--- Input data ---

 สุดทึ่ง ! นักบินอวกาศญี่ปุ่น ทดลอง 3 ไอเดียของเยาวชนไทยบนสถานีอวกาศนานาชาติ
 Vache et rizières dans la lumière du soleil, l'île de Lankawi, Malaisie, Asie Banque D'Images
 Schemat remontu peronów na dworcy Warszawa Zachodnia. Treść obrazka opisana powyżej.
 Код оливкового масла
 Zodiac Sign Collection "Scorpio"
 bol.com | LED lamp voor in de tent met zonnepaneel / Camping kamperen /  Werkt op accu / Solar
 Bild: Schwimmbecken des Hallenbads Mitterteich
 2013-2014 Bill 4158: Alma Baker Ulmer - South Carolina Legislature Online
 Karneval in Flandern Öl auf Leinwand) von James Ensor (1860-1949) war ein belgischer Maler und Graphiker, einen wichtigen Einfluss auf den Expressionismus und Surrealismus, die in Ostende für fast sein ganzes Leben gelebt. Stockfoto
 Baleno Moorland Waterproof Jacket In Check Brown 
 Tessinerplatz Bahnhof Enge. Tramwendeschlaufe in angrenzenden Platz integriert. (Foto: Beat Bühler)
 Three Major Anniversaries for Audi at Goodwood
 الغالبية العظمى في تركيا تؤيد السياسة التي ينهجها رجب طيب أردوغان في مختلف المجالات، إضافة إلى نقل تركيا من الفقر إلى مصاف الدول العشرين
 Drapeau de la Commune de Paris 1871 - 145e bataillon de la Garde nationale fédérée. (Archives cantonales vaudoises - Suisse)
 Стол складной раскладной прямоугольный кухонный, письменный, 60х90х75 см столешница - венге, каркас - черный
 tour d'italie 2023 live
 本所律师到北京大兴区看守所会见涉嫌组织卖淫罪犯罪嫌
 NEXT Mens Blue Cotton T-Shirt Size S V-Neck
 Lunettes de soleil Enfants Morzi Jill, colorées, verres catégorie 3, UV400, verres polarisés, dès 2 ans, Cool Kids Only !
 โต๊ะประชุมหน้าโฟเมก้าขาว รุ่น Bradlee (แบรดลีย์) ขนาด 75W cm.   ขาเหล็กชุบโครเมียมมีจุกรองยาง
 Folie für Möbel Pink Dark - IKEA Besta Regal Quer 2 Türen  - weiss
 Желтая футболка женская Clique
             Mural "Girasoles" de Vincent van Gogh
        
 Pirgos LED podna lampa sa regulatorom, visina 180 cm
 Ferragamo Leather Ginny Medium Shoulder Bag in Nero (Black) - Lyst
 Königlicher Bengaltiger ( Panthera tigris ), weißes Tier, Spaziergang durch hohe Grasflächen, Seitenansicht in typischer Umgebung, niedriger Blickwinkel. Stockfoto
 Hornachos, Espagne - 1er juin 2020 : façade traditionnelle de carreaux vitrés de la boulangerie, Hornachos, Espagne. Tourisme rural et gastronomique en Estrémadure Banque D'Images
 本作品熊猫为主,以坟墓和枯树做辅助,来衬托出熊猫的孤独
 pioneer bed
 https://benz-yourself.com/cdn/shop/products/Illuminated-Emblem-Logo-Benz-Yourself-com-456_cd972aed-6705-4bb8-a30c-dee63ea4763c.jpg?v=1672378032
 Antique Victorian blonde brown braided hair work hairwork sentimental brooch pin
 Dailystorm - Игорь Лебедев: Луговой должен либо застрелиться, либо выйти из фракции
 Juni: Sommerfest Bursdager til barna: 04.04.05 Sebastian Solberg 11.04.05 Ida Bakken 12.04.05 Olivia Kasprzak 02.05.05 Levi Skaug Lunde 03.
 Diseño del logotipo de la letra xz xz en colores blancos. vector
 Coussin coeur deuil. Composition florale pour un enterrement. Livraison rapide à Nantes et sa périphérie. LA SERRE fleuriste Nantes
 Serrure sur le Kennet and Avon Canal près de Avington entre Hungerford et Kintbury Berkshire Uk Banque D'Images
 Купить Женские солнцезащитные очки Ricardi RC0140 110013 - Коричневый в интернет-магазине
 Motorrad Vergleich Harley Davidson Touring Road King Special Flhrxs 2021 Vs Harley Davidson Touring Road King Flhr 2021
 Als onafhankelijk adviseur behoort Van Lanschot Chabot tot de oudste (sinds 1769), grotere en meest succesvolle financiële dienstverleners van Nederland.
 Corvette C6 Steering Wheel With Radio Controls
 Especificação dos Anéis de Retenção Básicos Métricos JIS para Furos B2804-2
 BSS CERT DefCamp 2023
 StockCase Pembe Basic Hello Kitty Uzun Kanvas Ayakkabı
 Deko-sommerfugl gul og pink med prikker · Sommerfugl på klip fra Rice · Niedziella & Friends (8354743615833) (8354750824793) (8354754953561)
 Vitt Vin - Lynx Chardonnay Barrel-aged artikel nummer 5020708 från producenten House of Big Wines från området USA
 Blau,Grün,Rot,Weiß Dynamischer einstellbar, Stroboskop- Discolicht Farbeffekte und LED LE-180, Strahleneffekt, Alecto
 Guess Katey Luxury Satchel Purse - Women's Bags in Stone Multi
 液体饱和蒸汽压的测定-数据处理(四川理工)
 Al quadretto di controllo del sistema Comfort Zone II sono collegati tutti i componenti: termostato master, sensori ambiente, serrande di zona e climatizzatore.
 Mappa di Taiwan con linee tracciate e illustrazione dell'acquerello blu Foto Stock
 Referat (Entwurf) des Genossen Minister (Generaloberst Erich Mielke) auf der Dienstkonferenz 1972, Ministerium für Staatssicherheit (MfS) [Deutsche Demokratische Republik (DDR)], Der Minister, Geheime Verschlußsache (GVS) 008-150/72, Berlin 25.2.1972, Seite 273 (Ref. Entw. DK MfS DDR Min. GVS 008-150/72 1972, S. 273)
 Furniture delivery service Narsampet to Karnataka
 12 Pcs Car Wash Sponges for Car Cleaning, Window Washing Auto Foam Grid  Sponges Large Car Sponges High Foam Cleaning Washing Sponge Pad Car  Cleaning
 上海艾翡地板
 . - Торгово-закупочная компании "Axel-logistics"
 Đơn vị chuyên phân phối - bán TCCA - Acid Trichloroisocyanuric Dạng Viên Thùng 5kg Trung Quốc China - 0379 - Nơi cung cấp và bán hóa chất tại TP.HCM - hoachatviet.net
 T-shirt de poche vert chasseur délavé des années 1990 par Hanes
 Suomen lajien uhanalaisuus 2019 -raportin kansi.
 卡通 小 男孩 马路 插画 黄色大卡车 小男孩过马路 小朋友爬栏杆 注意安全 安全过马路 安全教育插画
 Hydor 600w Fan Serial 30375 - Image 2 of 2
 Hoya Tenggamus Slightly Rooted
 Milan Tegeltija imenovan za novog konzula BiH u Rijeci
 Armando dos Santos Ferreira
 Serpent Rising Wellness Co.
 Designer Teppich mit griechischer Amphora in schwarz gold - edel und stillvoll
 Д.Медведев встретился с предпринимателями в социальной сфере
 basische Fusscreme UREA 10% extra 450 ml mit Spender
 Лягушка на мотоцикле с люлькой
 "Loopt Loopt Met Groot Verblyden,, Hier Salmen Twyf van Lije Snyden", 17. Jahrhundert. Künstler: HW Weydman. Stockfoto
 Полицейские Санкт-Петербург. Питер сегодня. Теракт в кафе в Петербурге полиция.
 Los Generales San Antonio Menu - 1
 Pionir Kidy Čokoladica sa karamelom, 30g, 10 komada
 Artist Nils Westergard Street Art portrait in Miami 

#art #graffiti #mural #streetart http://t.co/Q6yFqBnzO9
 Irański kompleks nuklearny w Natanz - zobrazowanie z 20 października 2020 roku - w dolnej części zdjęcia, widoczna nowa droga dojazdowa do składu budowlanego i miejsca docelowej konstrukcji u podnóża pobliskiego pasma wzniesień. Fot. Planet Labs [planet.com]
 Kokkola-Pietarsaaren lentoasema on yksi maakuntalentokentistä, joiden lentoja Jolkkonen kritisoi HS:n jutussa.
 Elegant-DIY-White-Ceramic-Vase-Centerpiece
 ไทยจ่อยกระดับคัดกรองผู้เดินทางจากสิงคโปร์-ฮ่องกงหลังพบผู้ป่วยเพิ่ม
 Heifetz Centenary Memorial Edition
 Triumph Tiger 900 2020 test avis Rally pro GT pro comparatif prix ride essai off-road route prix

---

__Task requirements__. All that is needed is the opening run of the data, given again exactly: please include every line from the first through the line with "Zodiac Sign Collection", both ends kept.

__Written response__.
 สุดทึ่ง ! นักบินอวกาศญี่ปุ่น ทดลอง 3 ไอเดียของเยาวชนไทยบนสถานีอวกาศนานาชาติ
 Vache et rizières dans la lumière du soleil, l'île de Lankawi, Malaisie, Asie Banque D'Images
 Schemat remontu peronów na dworcy Warszawa Zachodnia. Treść obrazka opisana powyżej.
 Код оливкового масла
 Zodiac Sign Collection "Scorpio"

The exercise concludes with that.